──────── DATA SHOWN ────────
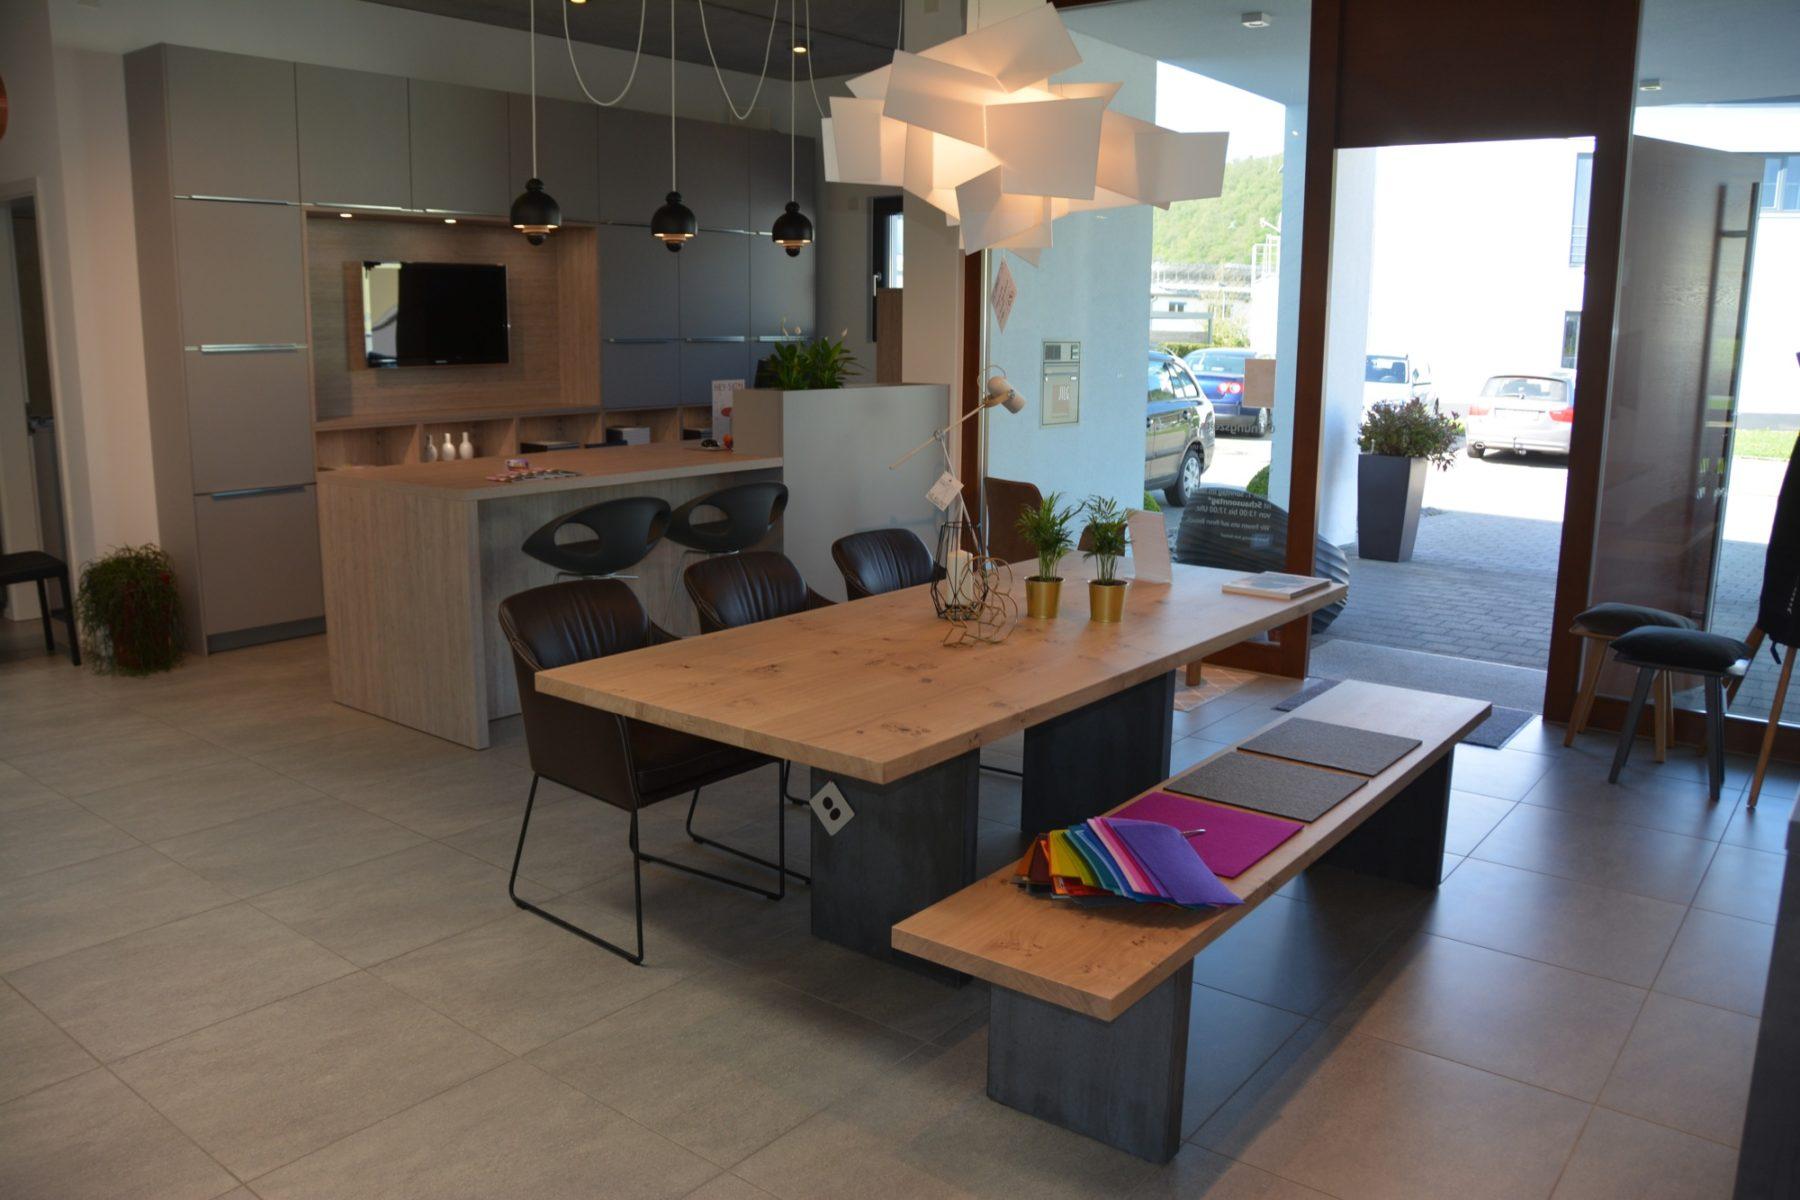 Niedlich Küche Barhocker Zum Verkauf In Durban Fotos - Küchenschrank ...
────────
──────── DATA SHOWN ────────
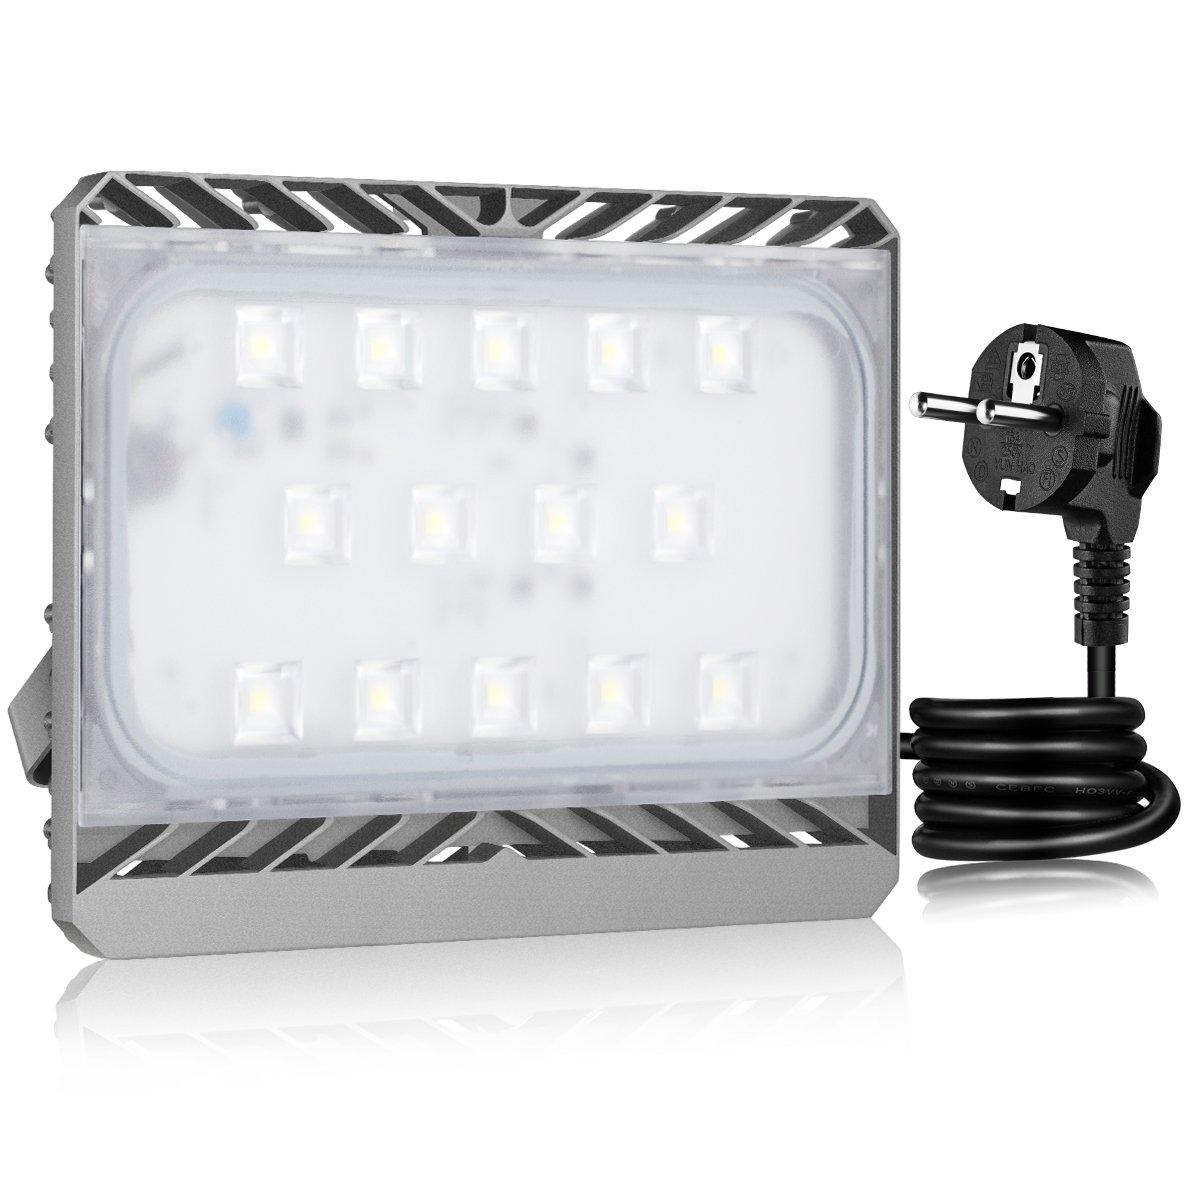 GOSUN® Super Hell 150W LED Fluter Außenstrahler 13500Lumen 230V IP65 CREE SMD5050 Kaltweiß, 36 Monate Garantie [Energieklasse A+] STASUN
────────
──────── DATA SHOWN ────────
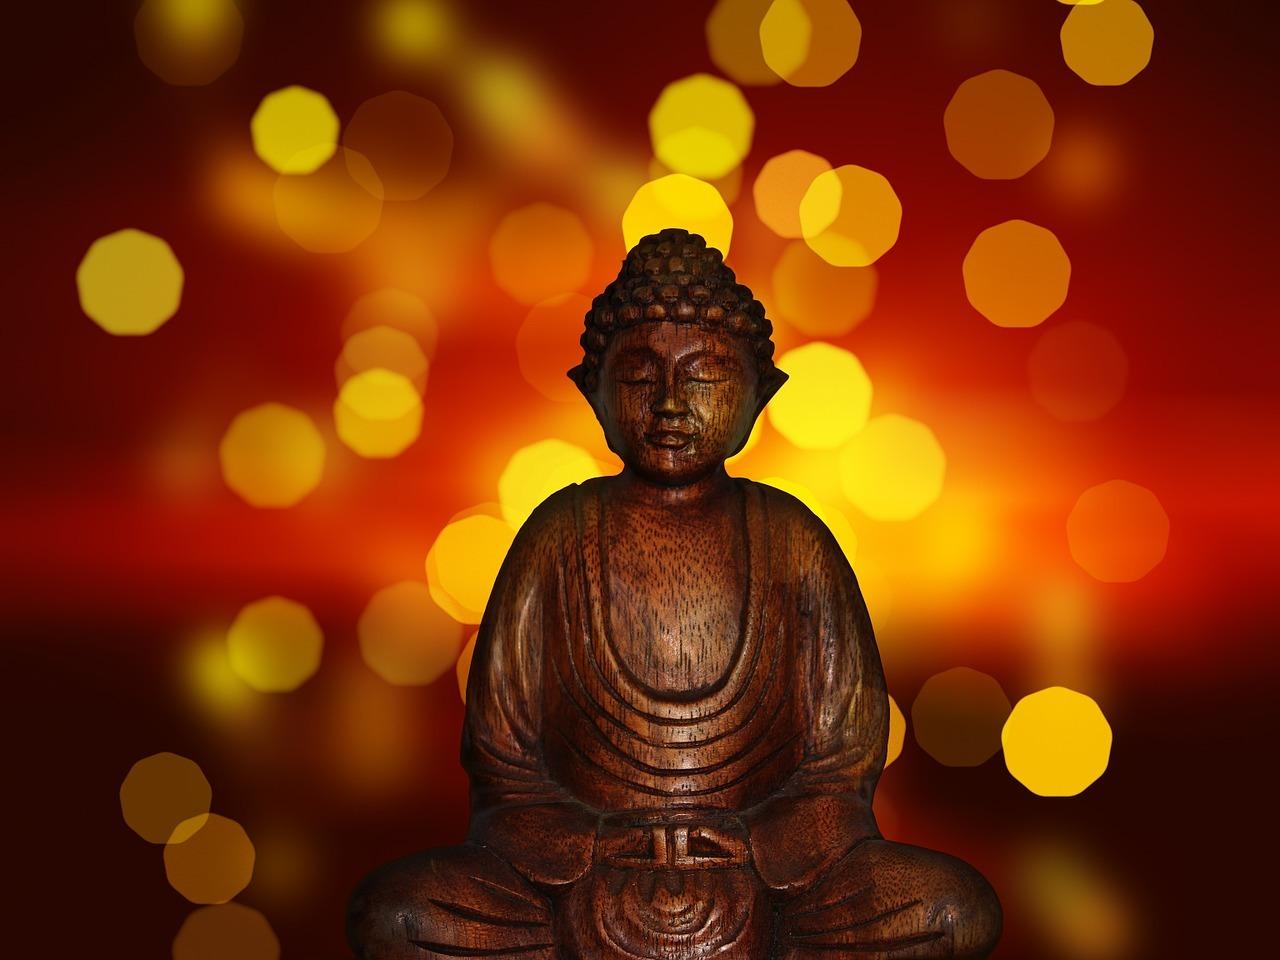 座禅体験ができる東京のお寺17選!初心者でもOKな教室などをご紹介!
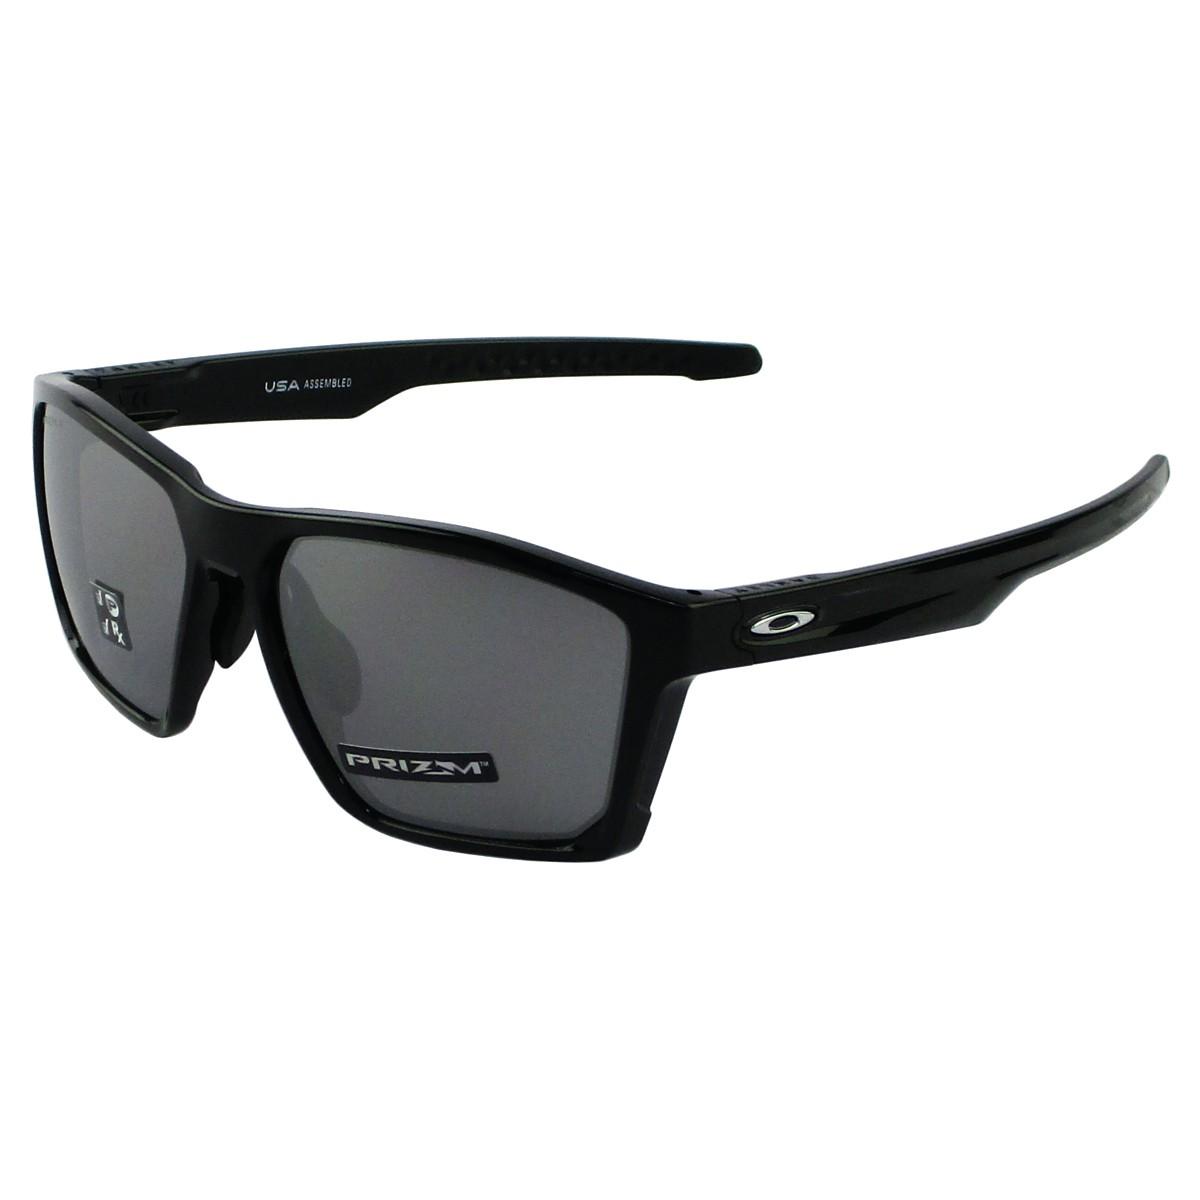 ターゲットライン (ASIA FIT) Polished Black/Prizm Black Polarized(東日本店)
────────
◆ **ACTIVITY**: Of all the material above, only the lines from the one that has "座禅体験ができる東京のお寺17選!初心者でもOKな教室などをご紹介!" down to the one that has "ターゲットライン (ASIA FIT)" are to be written out, exactly and with both ends included. Pictures are skipped.

◆ **ANSWER SECTION**:
 座禅体験ができる東京のお寺17選!初心者でもOKな教室などをご紹介!
 ターゲットライン (ASIA FIT) Polished Black/Prizm Black Polarized(東日本店)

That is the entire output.